They repeatedly budge it

17th July 2020

Delivery of the Chancellor’s annual Budget has become a moveable feast in recent years. In 2017, incumbent Philip Hammond announced that Budgets would move from spring to autumn. Just two years later, an impending general election forced his successor Sajid Javid to postpone his November Budget until early 2020, but then he quit unexpectedly. So, the Budget became Rishi Sunak’s first big test as Chancellor and it was dominated by measures to ease the economic pain of COVID-19.

Moved back to springtime

Our ‘Budget box on the shelf’ blog post (6 November) commented: “Even before the House of Commons finally voted in favour of an early general election, Chancellor of the Exchequer Sajid Javid had cancelled plans for his first Budget speech and put his special ministerial box back on the shelf.

“Depending on the election result, he could go on the very short list of post-1800 Chancellors that never delivered a single Budget speech. Whoever becomes Chancellor after 12 December, one of their first tasks will be to translate fiscal promises in their party’s manifesto into a formal Budget.”

Ahead of that formal Budget, in ‘Budget challenge for new Chancellor’ (6 March), we blogged: “Sajid Javid’s replacement, his deputy Rishi Sunak promoted from Chief Secretary to the Treasury, has a Budget to present next Wednesday, 11 March. It would be an unenviable task for the most experienced Chancellor in history; the delayed Budget will be, shall we say, very interesting.

“The collapse of the Flybe airline this week is a symptom of the coronavirus threat facing many sectors of the economy, including those involved in travel, hospitality, retailing and professional sport. Many businesses will need support of some sort, as will their employees.”
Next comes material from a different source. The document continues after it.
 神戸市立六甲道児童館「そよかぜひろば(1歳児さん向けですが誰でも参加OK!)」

The following week, Rishi Sunak’s emergency Budget was indeed less about manifesto pledges and, understandably, focused on the developing pandemic. It was far from a normal Budget. Measures included funding arrangements to support businesses worst affected. The now-familiar furlough scheme to avert mass redundancies followed on 20 March. Now, the combined effect of a snap election and surprise pandemic is that it’s almost two years since a fully-planned Budget.

July brought a ‘Plan for Jobs’ speech

In late May, as the coronavirus lockdown was being cautiously eased, noises from Downing Street hinted at a Budget-like event in July. Early June brought a cooling of that message, with deferral until September then seeming more likely. In the end, the Chancellor delivered a ‘Plan for Jobs’ speech on 8 July. He described the plan’s goal thus: “To protect, support and create jobs.” He added: “It will give businesses the confidence to retain and hire. To create jobs in every part of our country. To give young people a better start. To give people everywhere the opportunity of a fresh start.”
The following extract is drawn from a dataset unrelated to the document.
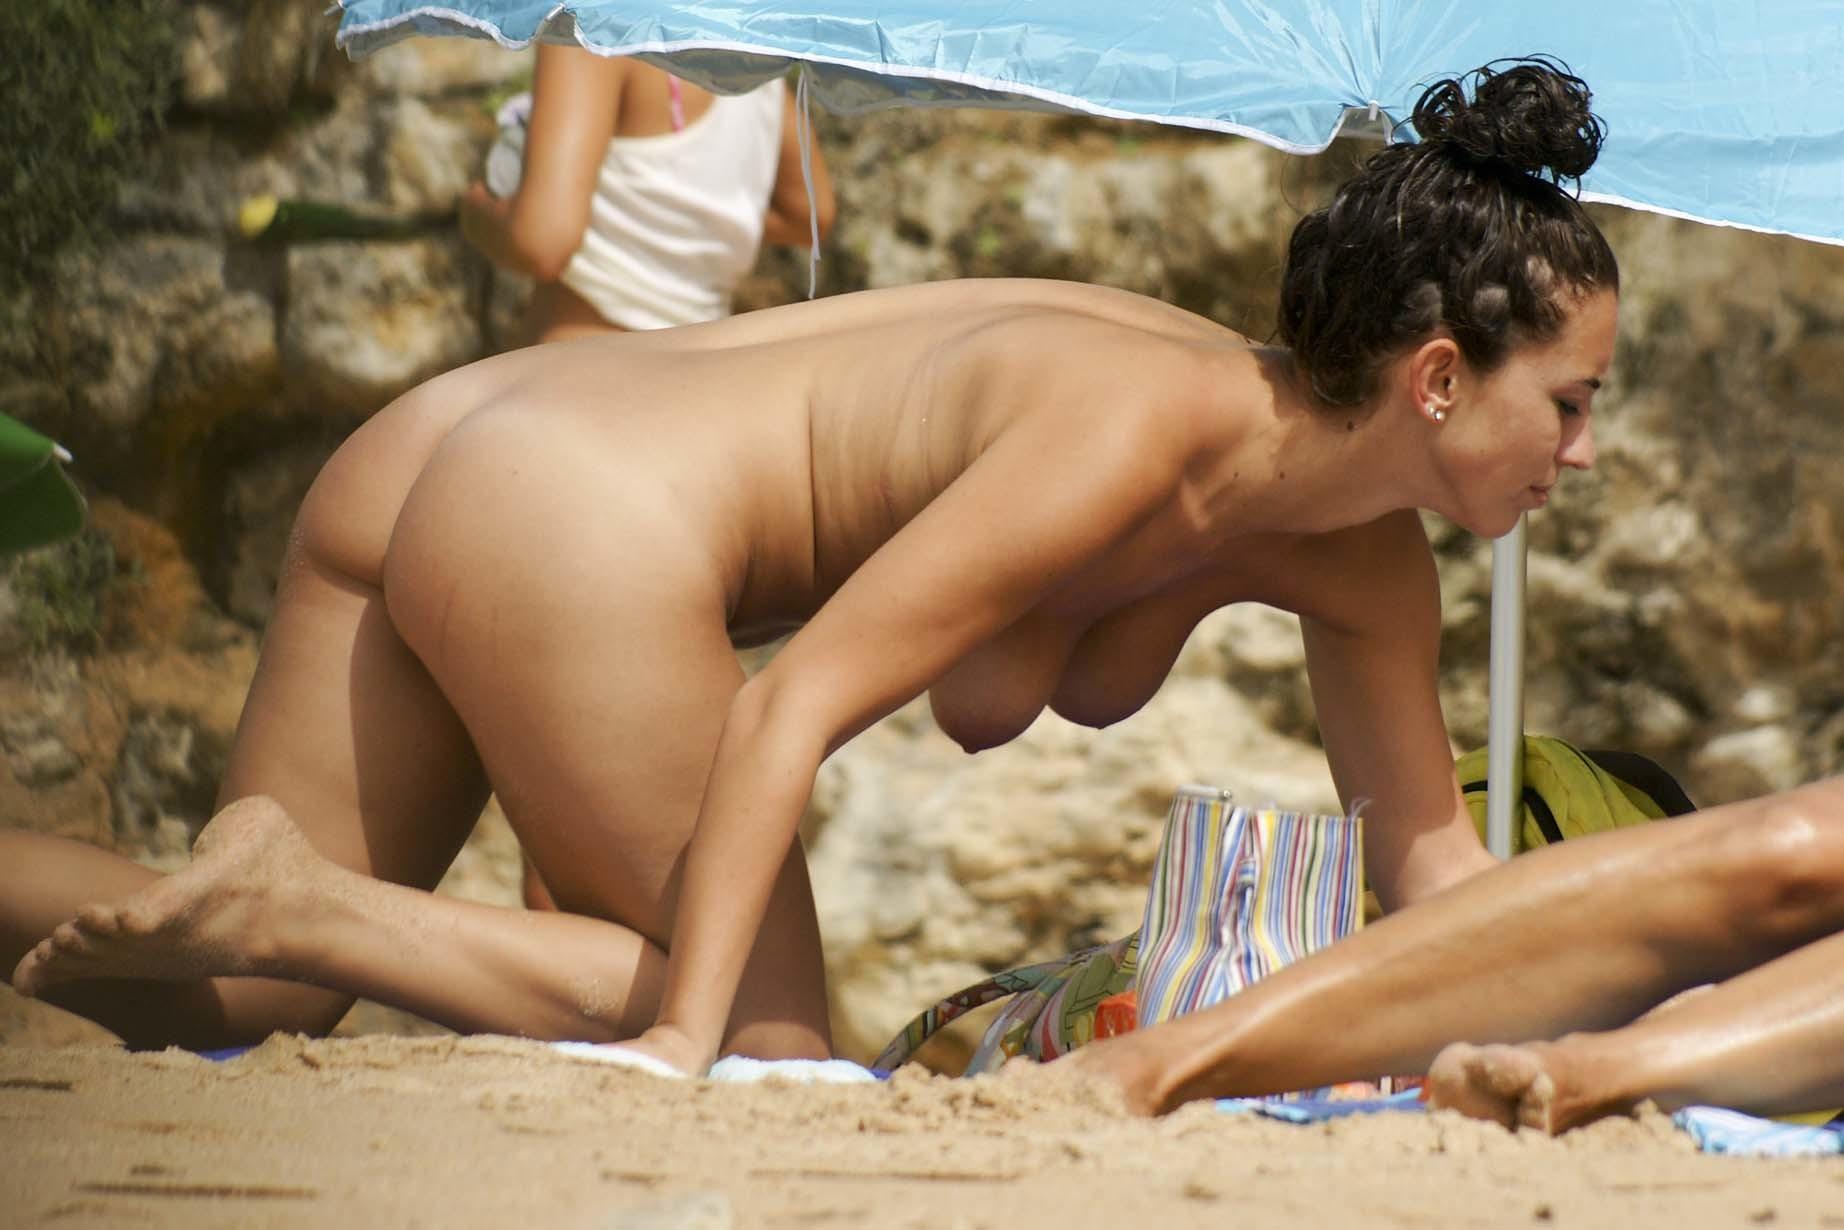 2 hermosas chicas cambiandose de ropa en la playa - 2 1

When the Chancellor does unveil a wider long-term economic plan for the ‘new normal’, it won’t be easy to merge manifesto pledges with the coronavirus response; it will all be heavily political, so we won’t dive in deep. Suffice it to say that questions arise about the balance between government borrowing and taxation needed (at a time of high unemployment and low corporate profitability) to cover planned expenditure plus all the extras arising from the pandemic.
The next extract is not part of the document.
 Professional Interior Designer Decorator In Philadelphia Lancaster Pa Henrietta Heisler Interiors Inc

Intermittent announcements

Maybe the pattern we’ve seen since 2018 – a dearth of comprehensive annual Budgets but various intermittent announcements on spending, taxation and emergency support – will be a feature of the ‘new normal’. With so much uncertainty as to how things will pan out, fiscal policy is increasingly likely to be made on the hoof, with current events driving medium-term strategy. In that vein, the COVID-19 episode has surely moved one long-running issue up the priority list: care-home provision and funding.